REQUIRED ACTION: In the material below, write out each line word for word and omit the pictures.

======== INFORMATION PROVIDED ========

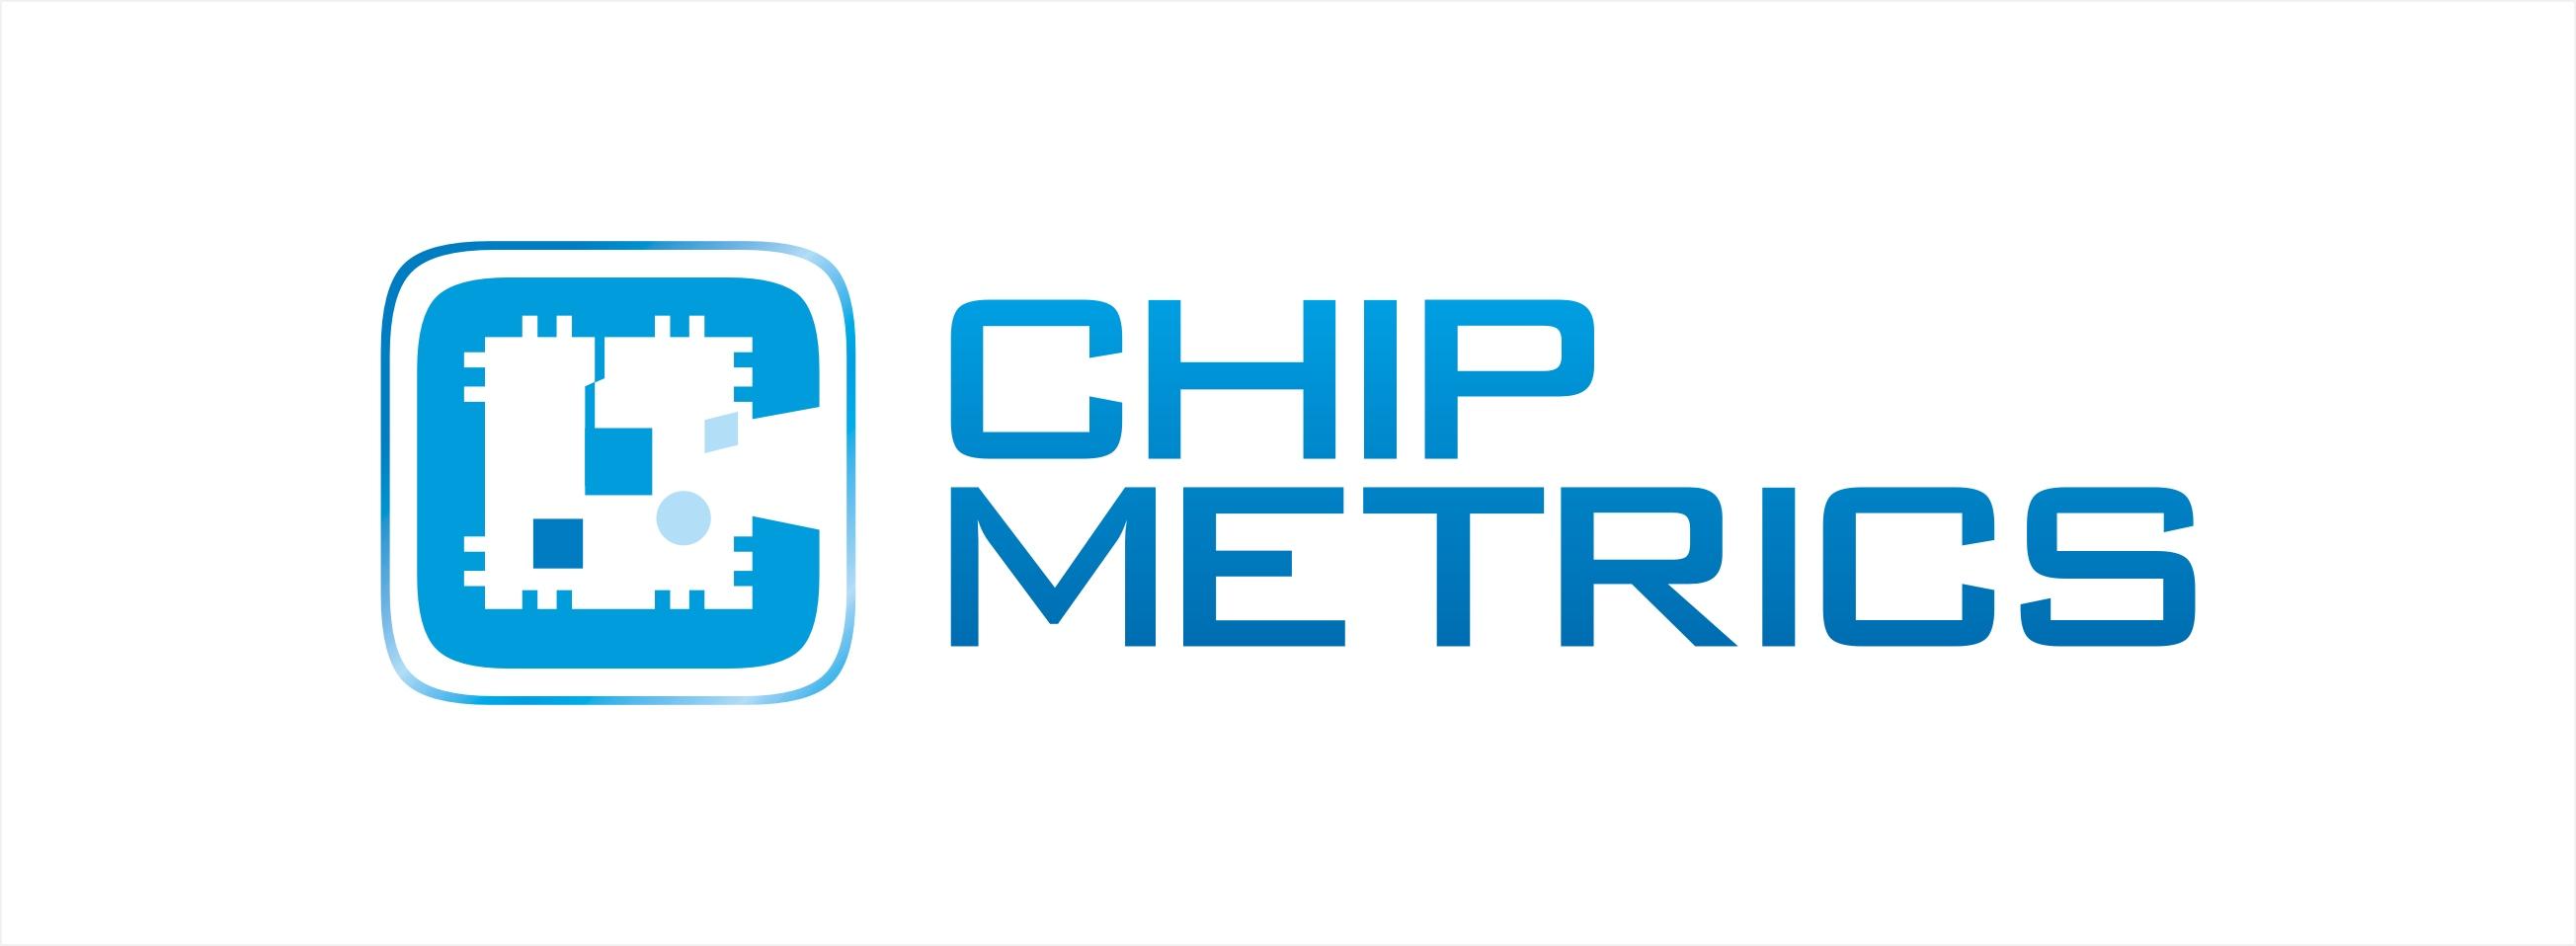 Chip metrix
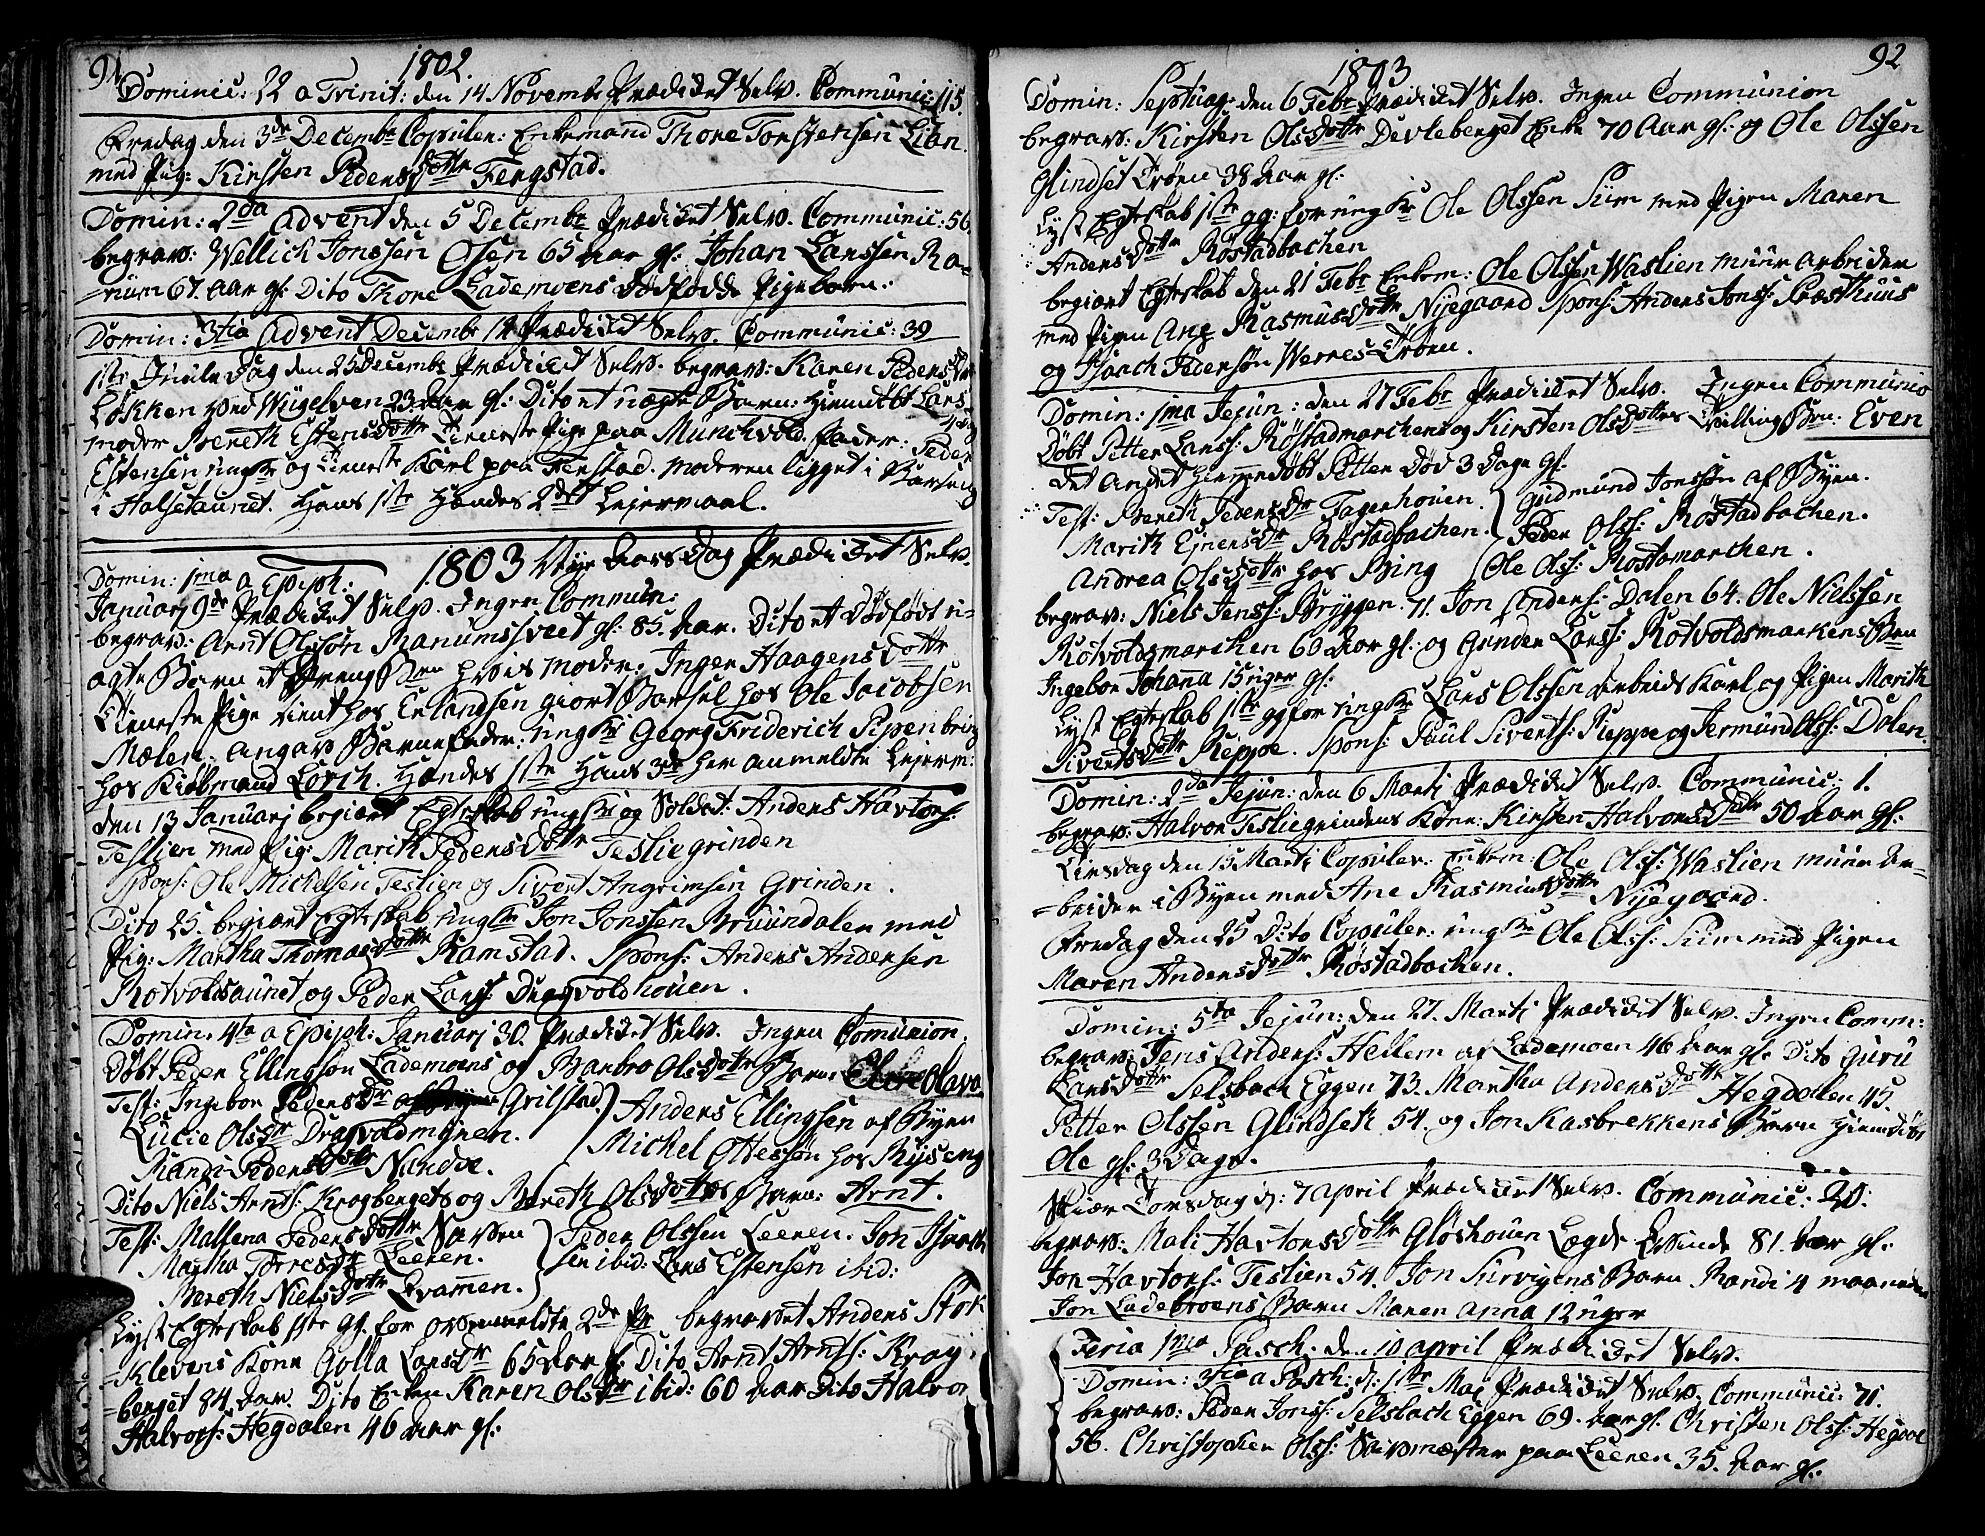 SAT, Ministerialprotokoller, klokkerbøker og fødselsregistre - Sør-Trøndelag, 606/L0280: Ministerialbok nr. 606A02 /1, 1781-1817, s. 91-92
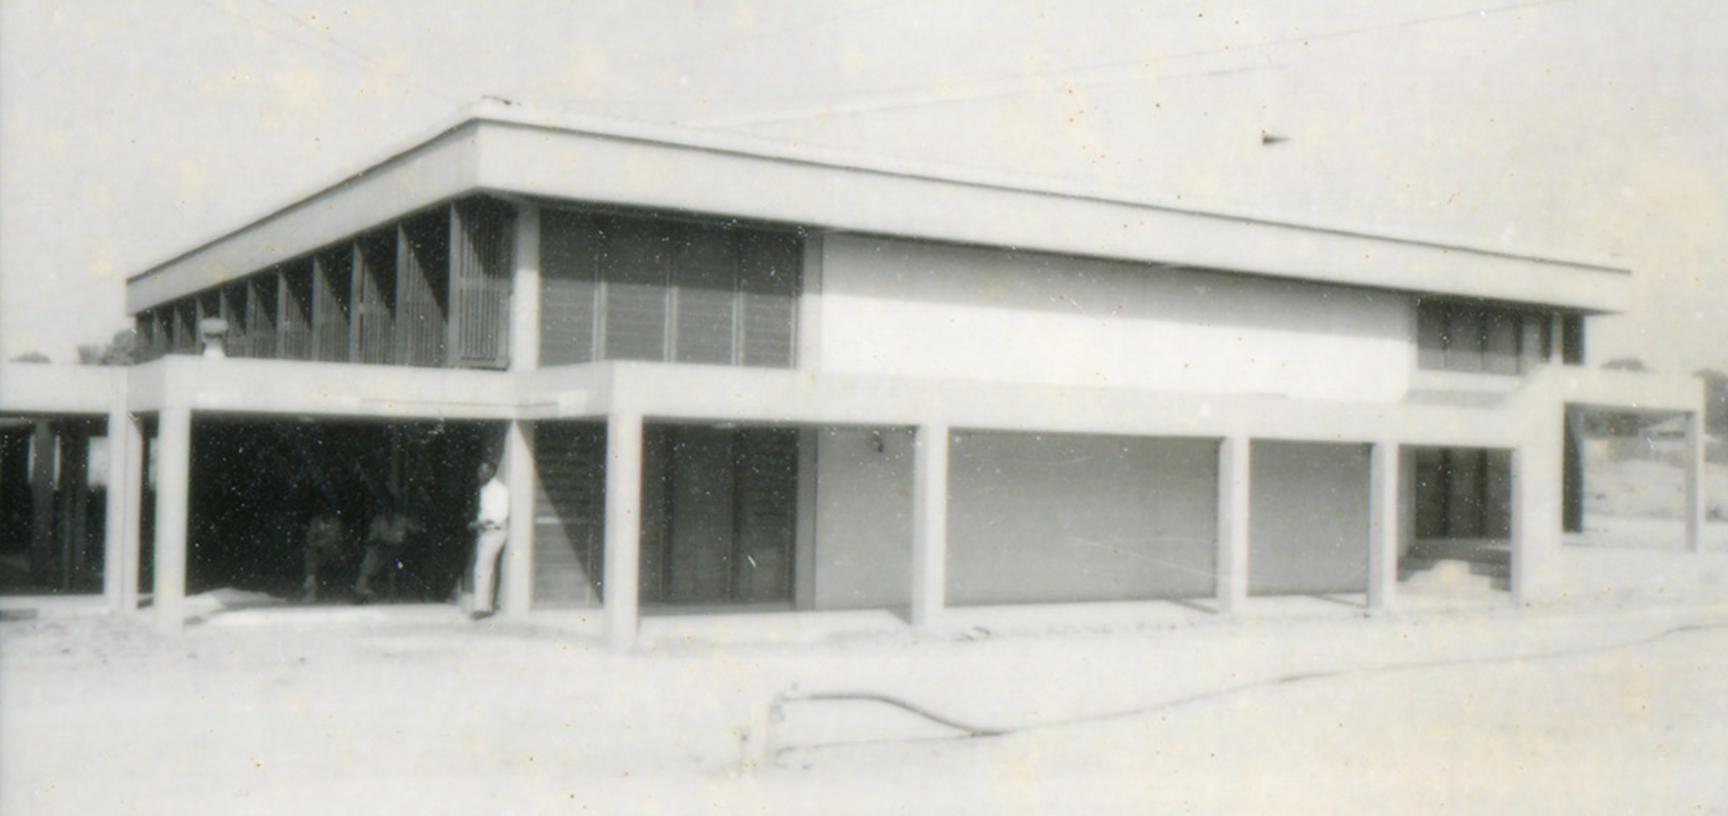 Ethnographic Museum of Guinea-Bissau. (Copyright Ethnographic Museum of Guinea-Bissau)

========

SOLUTION FOR THIS EXERCISE:
 Chip metrix
 SAT, Ministerialprotokoller, klokkerbøker og fødselsregistre - Sør-Trøndelag, 606/L0280: Ministerialbok nr. 606A02 /1, 1781-1817, s. 91-92
 Ethnographic Museum of Guinea-Bissau. (Copyright Ethnographic Museum of Guinea-Bissau)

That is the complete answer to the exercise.